27 subjects provided paired day 1 and day 4 flow samples and were evaluable for clinical response at the time of submission. Mean peak and trough rapamycin levels were 22.8 and 9.2 ng/ml, respectively, and did not differ among clinically responding and non-responding subjects. 17/27 (63%) subjects' blasts had constitutive S6 phosphorylation at baseline. Consistent with prior reports, pS6 was heterogeneous and typically present in a subset of blasts. In these 17 subjects, we observed a median of 13% pS6+ blasts (mean 14, range 2–33). 14/17 showed a therapy-induced reduction in pS6+ blasts to a mean of 4.5% (median 2.5, range 0.4–22) on day 4. The remainder had either no change or increased pS6+ blasts. Comparing the percentage of pS6+ cells on day 4 to baseline, the median reduction in pS6 differed among clinically responding and non-responding subjects (72% and 43%, respectively). The clinical response rate was 9/17 (53%, 6 CR 3 PR) among subjects with baseline S6 phosphorylation and 4/10 (40%, 3 CR, 1 PR) in patients with no baseline S6 phosphorylation. Subjects with >50% reduction in pS6 blasts on day 4 were considered to be biochemically sensitive to rapamycin, while subjects with <50% reduction or increased pS6 were considered rapamycin-resistant. The response rate in rapamycin-sensitive patients was 8/12 (67%), while in resistant subjects was 1/5 (20%). 5/15 (33%) subjects who either lacked baseline pS6 or were rapamycin resistant responded to the regimen.

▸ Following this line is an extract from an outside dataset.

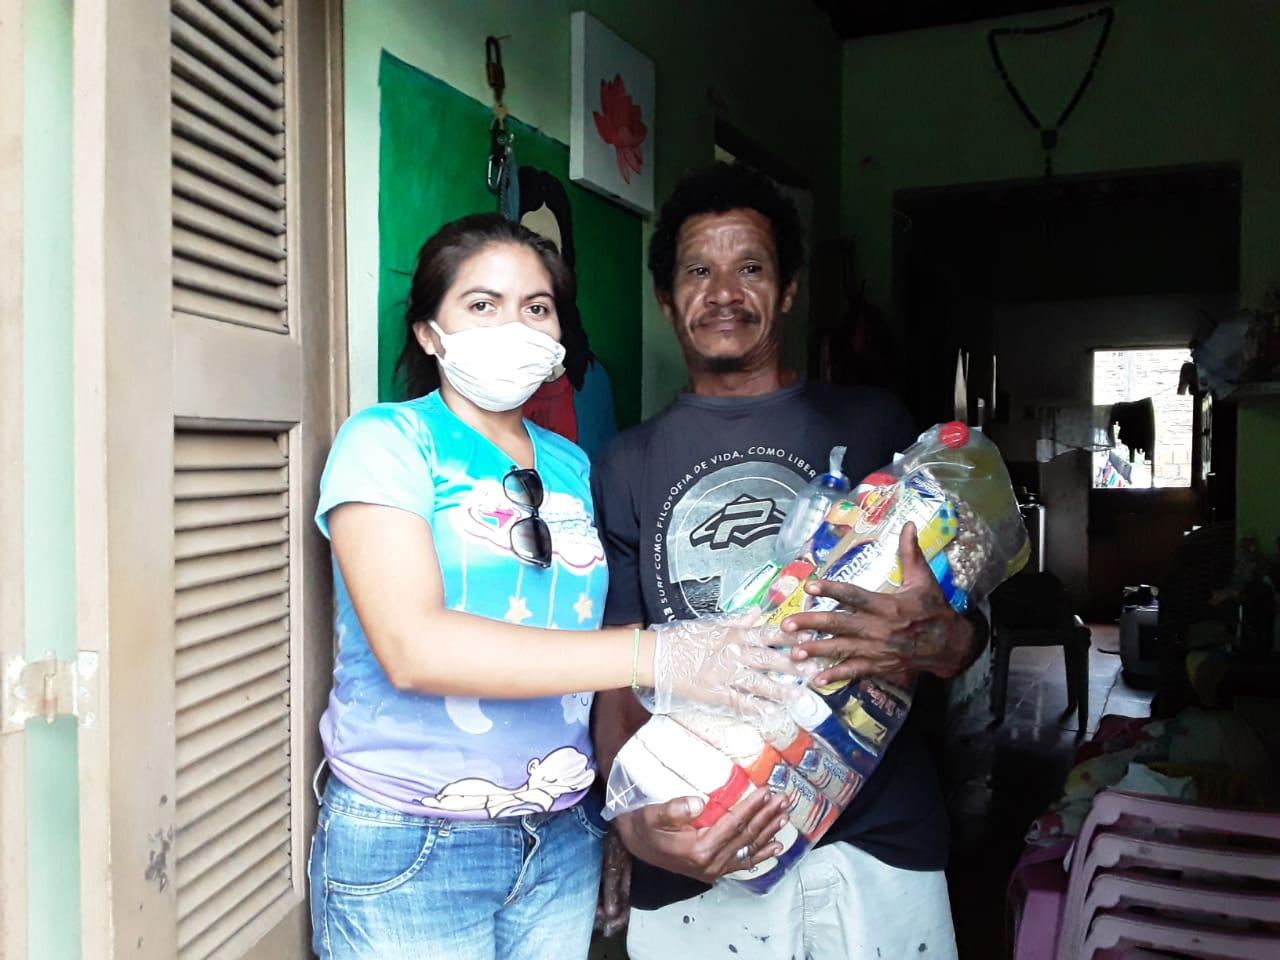 Agacc promove ações solidárias e de enfrentamento à pandemia em comunidades do Ceará

Data from these ongoing trials suggest that sirolimus plus MEC preferentially benefits the subset of patients with demonstrable baseline mTOR activation. The greatest response is seen when mTOR is activated in leukemic cells at baseline and its function is potently inhibited during therapy. Future trials may benefit from enrichment for subjects with mTOR activation and/or rapamycin sensitivity assessment. These data provide in vivo evidence that mTOR inhibitors augment cytotoxic chemotherapy effect in AML and demonstrate the utility of fixed whole blood flow cytometry for real-time pharmacodynamic evaluation of novel signal transduction inhibitors.

Off Label Use: Rapamycin. FDA approved for solid organ transplant. Investigational use for treatment of leukemia. Carroll:Agios Pharmaceuticals: Research Funding; TetraLogic Pharmaceuticals: Research Funding; Sanofi Aventis Corporation: Research Funding; Glaxo Smith Kline, Inc.: Research Funding.